3. $$\sum_{n=1}^{\infty}{10^n\cdot n!\over(9n)^n}$$ Solution: $$\lim_{n\to\infty}a_{n+1}/a_n=\lim_{n\to\infty}{10^{n+1}\cdot(n+1)!\over9^{n+1}\cdot(n+1)^{n+1}}\cdot{9^n\cdot n^n\over10^n\cdot n!}$$ $$=\lim_{n\to\infty}{10(n+1)\cdot n^n\over9(n+1)^{n+1}}={10\over9}\cdot({n\over n+1})^n={10\over9}\cdot{1\over e} < 1$$ By ratio test, it converges.

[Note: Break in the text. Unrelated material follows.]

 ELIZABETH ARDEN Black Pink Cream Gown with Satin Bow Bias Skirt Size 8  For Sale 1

4. $$\sum_{k=3}^{\infty}{3\over7k^{1.88}}$$ Solution: $$\sum_{k=3}^{\infty}{3\over7k^{1.88}}=\sum_{k=3}^{\infty}{3\over7}\cdot{1\over k^{1.88}}$$ By $p$-series test, it converges.
5. $$\sum_{i=6}^{\infty}{i-2\over i^5+3i}$$ Solution: $${i-2\over i^5+3i} < {i\over i^5+3i} < {i\over i^5}={1\over i^4}$$ By $p$-series test and comparison test, it converges.

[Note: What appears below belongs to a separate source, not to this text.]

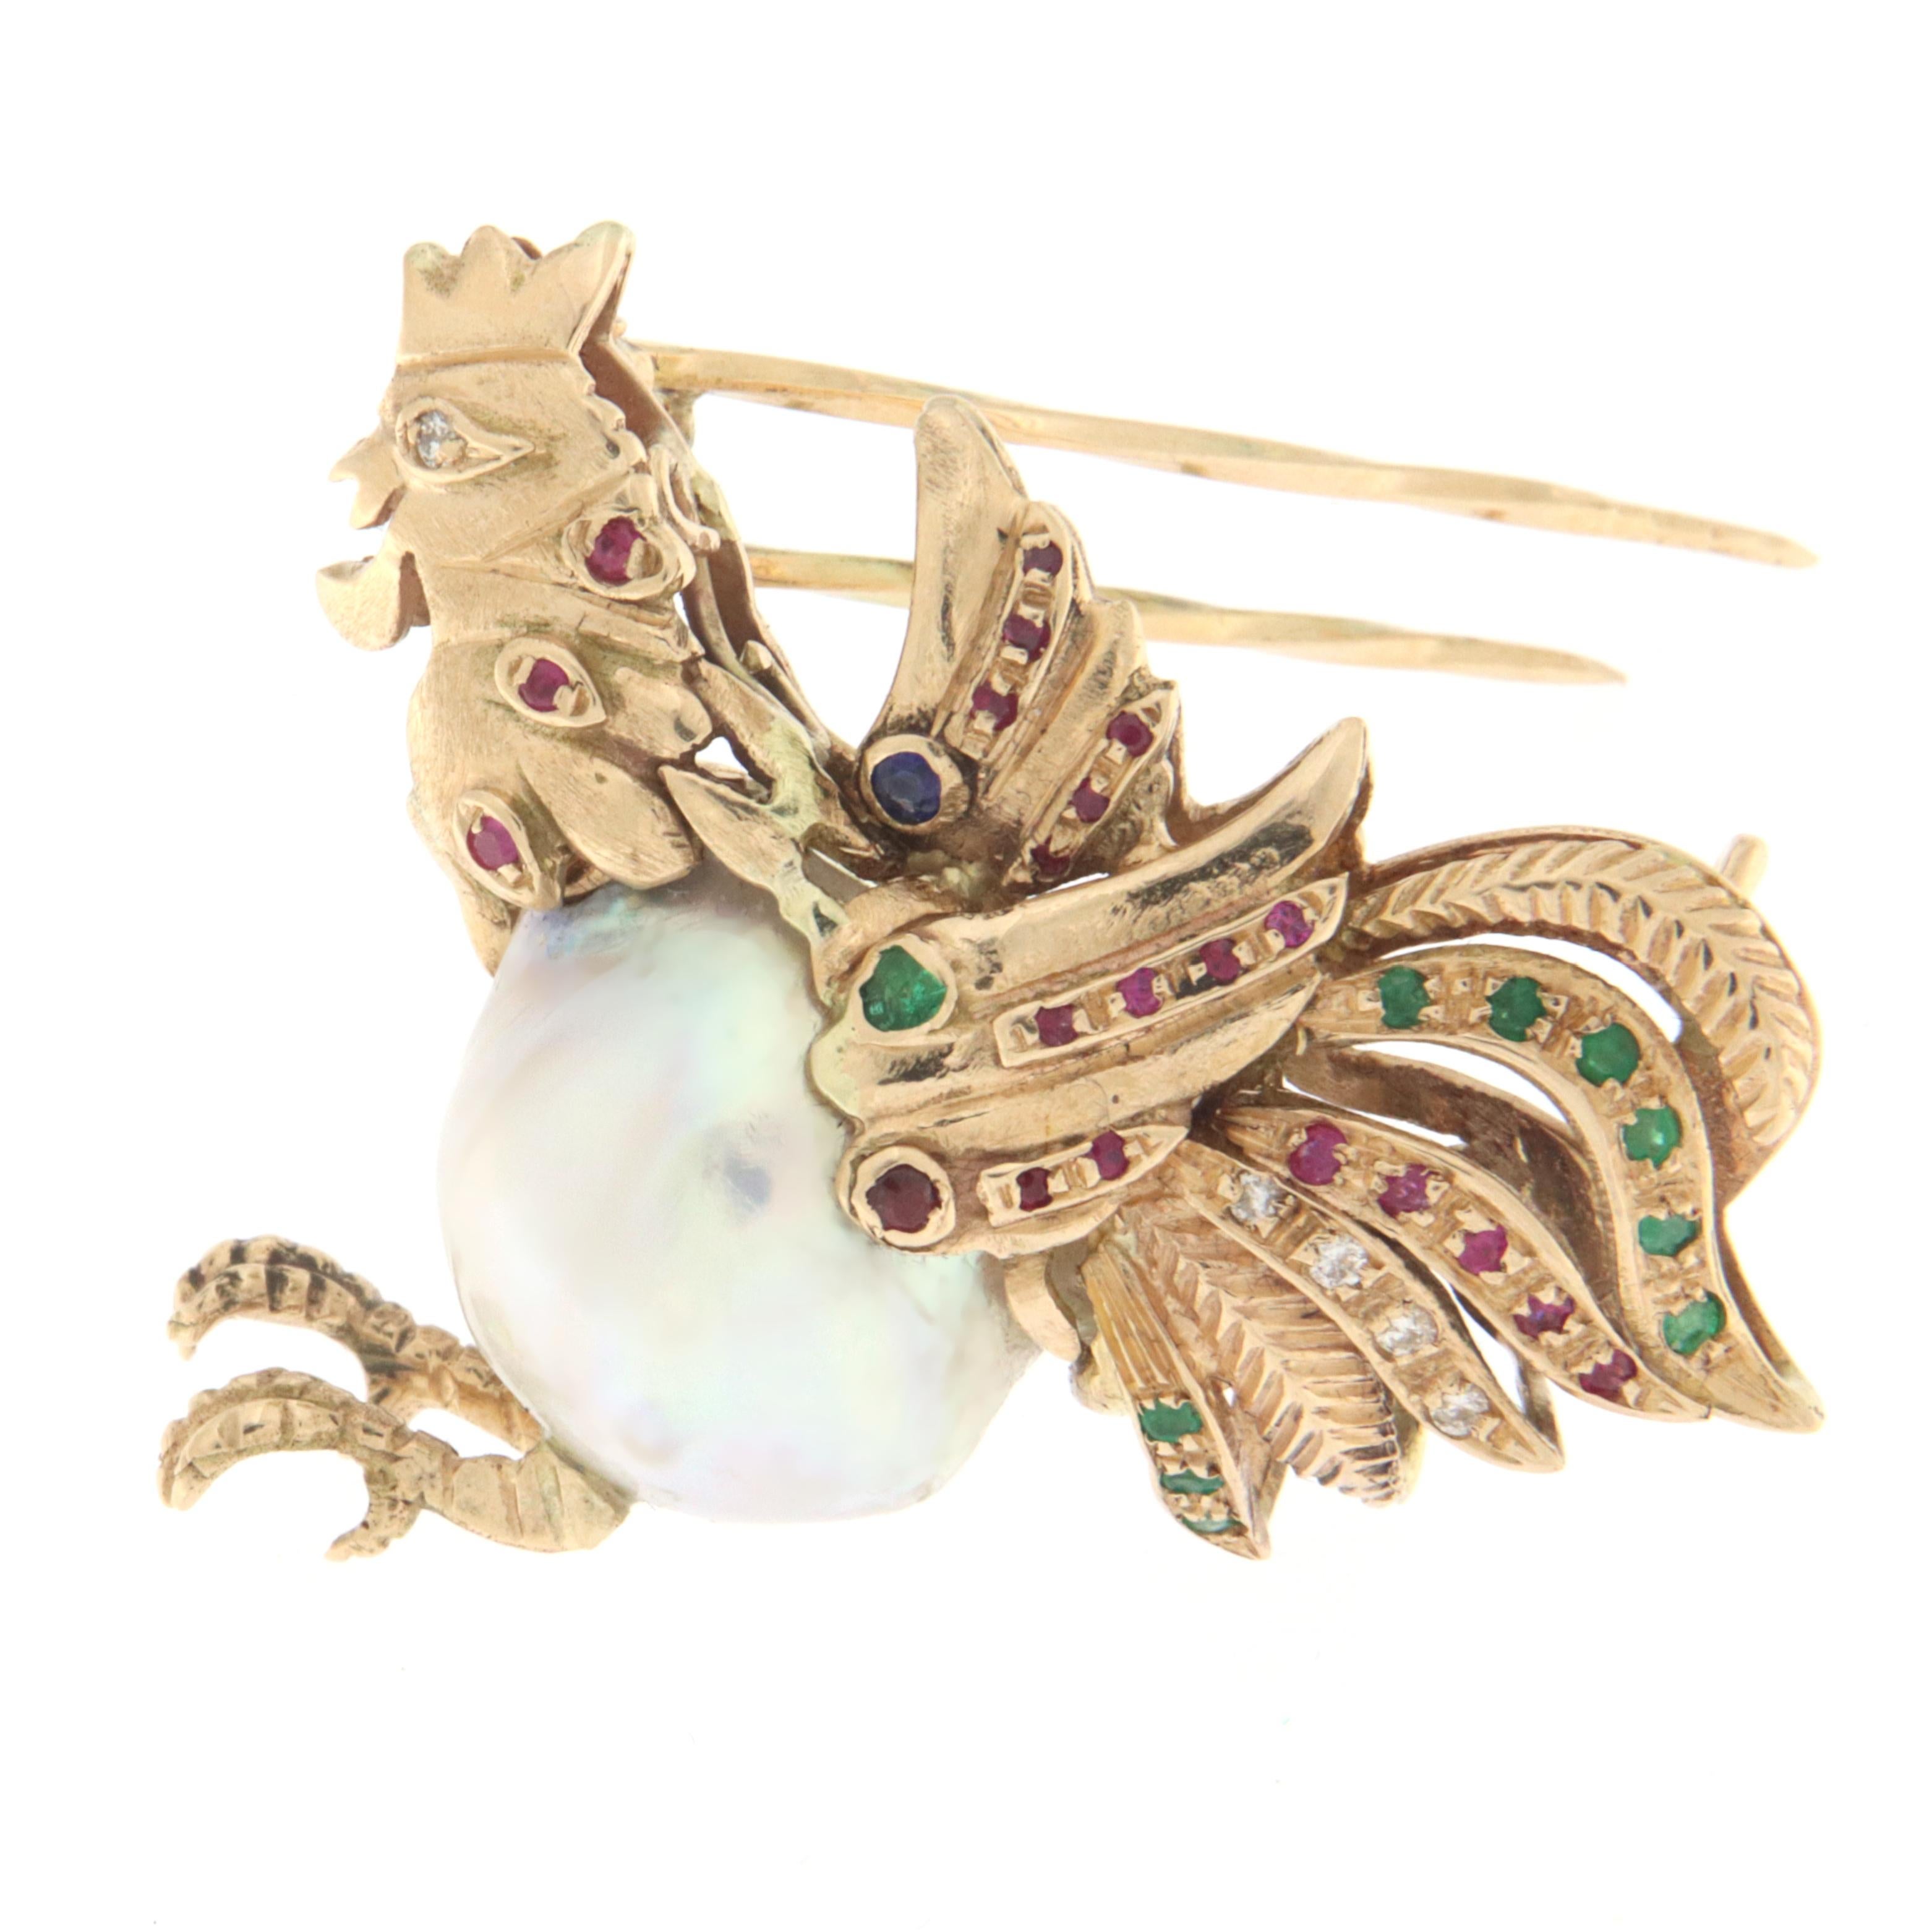 Brilliant Cut Rooster Emeralds Rubies Diamonds Pearl 14 Karat Yellow Gold Brooch For Sale

6. $$\sum_{m=2}^{\infty}({7m+5 \over 6m+5})^m$$ Solution: $$\lim_{m\to\infty}{a_m}^{{1\over m}}=\lim_{m\to\infty}{7m+5\over 6m+5}={7\over6} > 1$$ By root test, it diverges.

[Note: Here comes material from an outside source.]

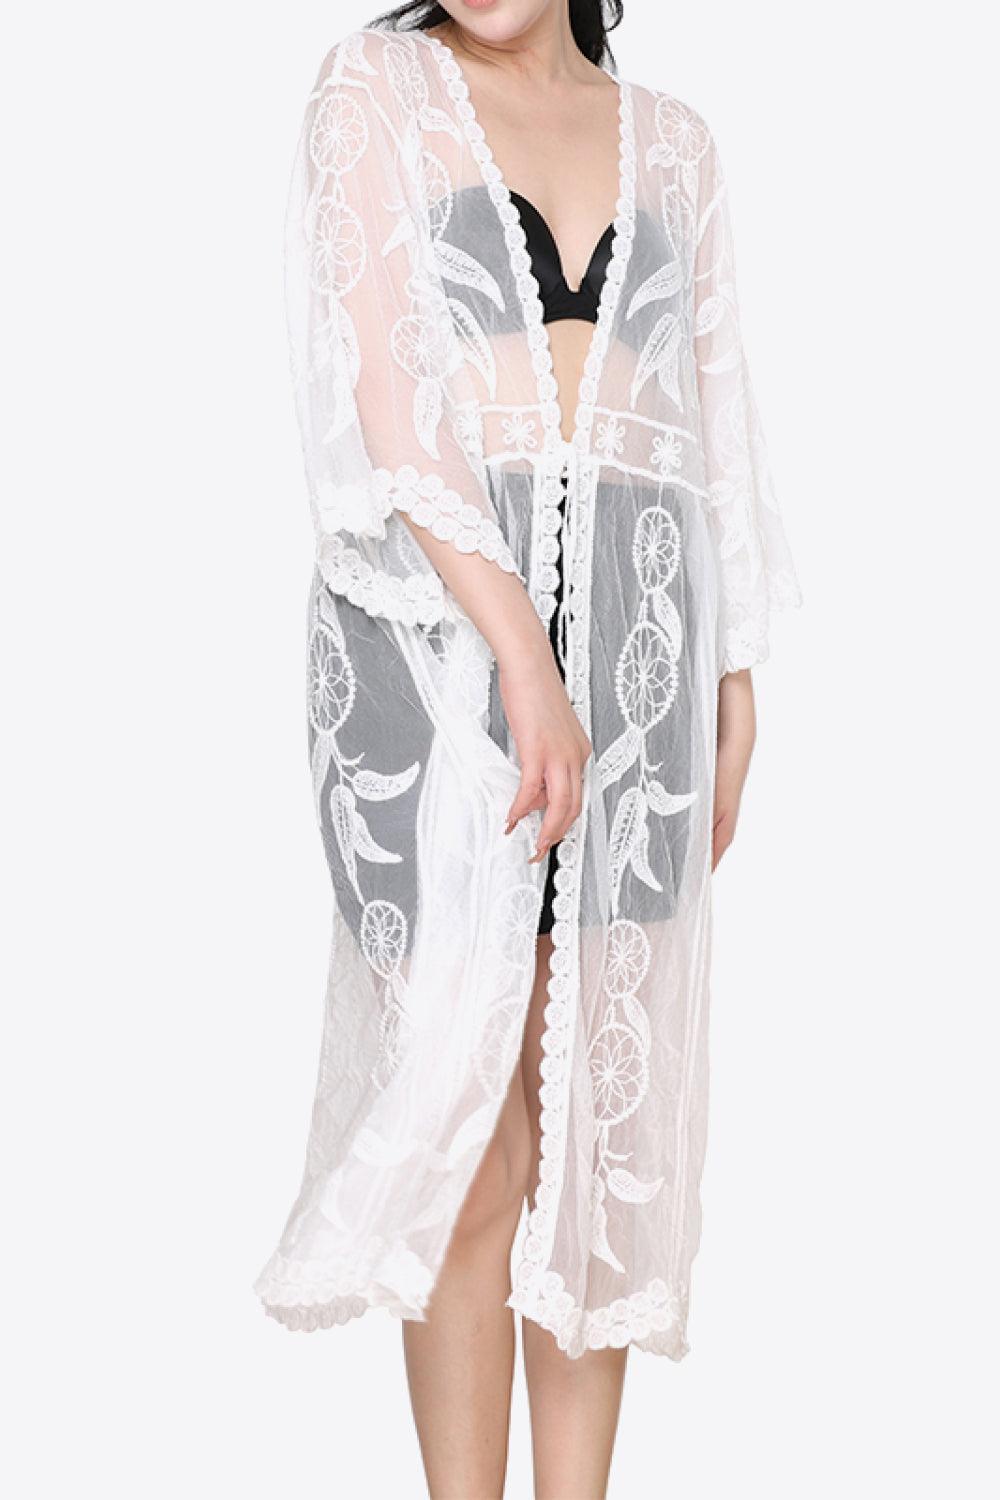 Tied Sheer Cover Up Cardigan - Immenzive
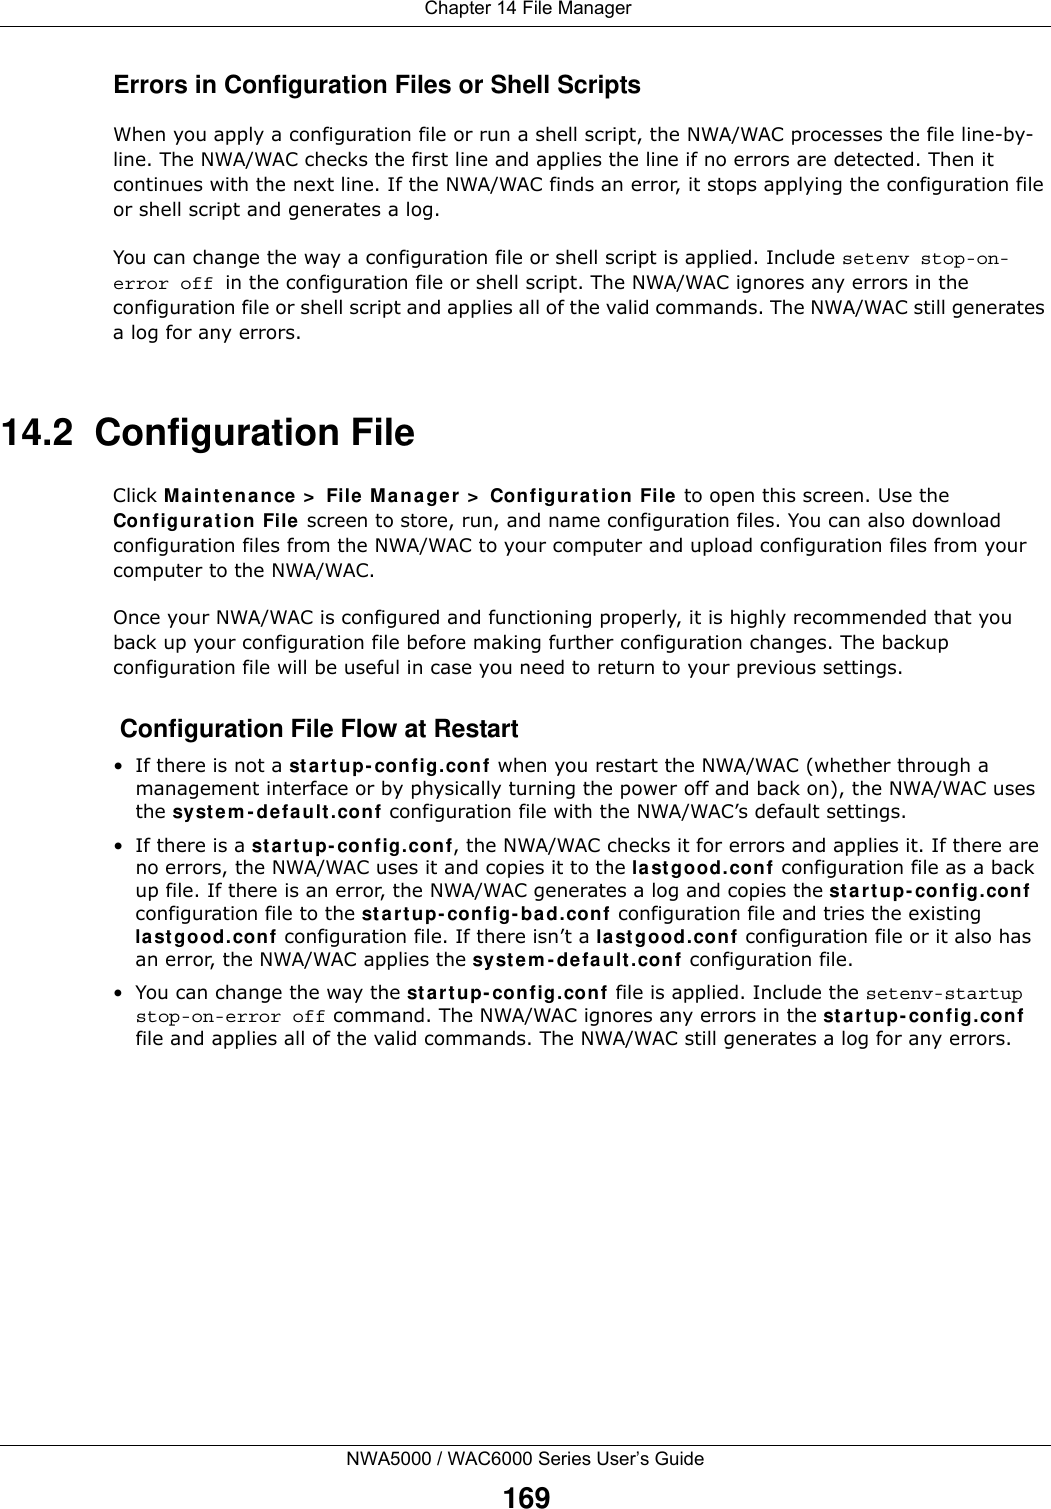  Chapter 14 File ManagerNWA5000 / WAC6000 Series User’s Guide169Errors in Configuration Files or Shell ScriptsWhen you apply a configuration file or run a shell script, the NWA/WAC processes the file line-by-line. The NWA/WAC checks the first line and applies the line if no errors are detected. Then it continues with the next line. If the NWA/WAC finds an error, it stops applying the configuration file or shell script and generates a log. You can change the way a configuration file or shell script is applied. Include setenv stop-on-error off in the configuration file or shell script. The NWA/WAC ignores any errors in the configuration file or shell script and applies all of the valid commands. The NWA/WAC still generates a log for any errors. 14.2  Configuration FileClick Maintenance &gt; File Manager &gt; Configuration File to open this screen. Use the Configuration File screen to store, run, and name configuration files. You can also download configuration files from the NWA/WAC to your computer and upload configuration files from your computer to the NWA/WAC.Once your NWA/WAC is configured and functioning properly, it is highly recommended that you back up your configuration file before making further configuration changes. The backup configuration file will be useful in case you need to return to your previous settings. Configuration File Flow at Restart• If there is not a startup-config.conf when you restart the NWA/WAC (whether through a management interface or by physically turning the power off and back on), the NWA/WAC uses the system-default.conf configuration file with the NWA/WAC’s default settings.•If there is a startup-config.conf, the NWA/WAC checks it for errors and applies it. If there are no errors, the NWA/WAC uses it and copies it to the lastgood.conf configuration file as a back up file. If there is an error, the NWA/WAC generates a log and copies the startup-config.conf configuration file to the startup-config-bad.conf configuration file and tries the existing lastgood.conf configuration file. If there isn’t a lastgood.conf configuration file or it also has an error, the NWA/WAC applies the system-default.conf configuration file.• You can change the way the startup-config.conf file is applied. Include the setenv-startup stop-on-error off command. The NWA/WAC ignores any errors in the startup-config.conf file and applies all of the valid commands. The NWA/WAC still generates a log for any errors.

7. $$\int_{2}^{\infty}{4\over (4x+1)^2}dx={1\over9}$$ What is the interval of $$\sum_{k=2}^{\infty}{4\over(4k+1)^2}$$ Solution:
Since $$\int_{m}^{\infty}f(x)dx \leq \sum_{n=m}^{\infty}a_n \leq a_m+\int_{m}^{\infty}f(x)dx$$ That is $$\int_{2}^{\infty}{4\over(4x+1)^2}dx\leq\sum_{k=2}^{\infty}{4\over(4k+1)^2}\leq a_2+\int_{2}^{\infty}{4\over(4x+1)^2}dx$$ $$\Rightarrow {1\over9}\leq s_k\leq{4\over81}+{1\over9}={13\over81}$$ Thus the interval is $[{1\over9},\ {13\over81}]$.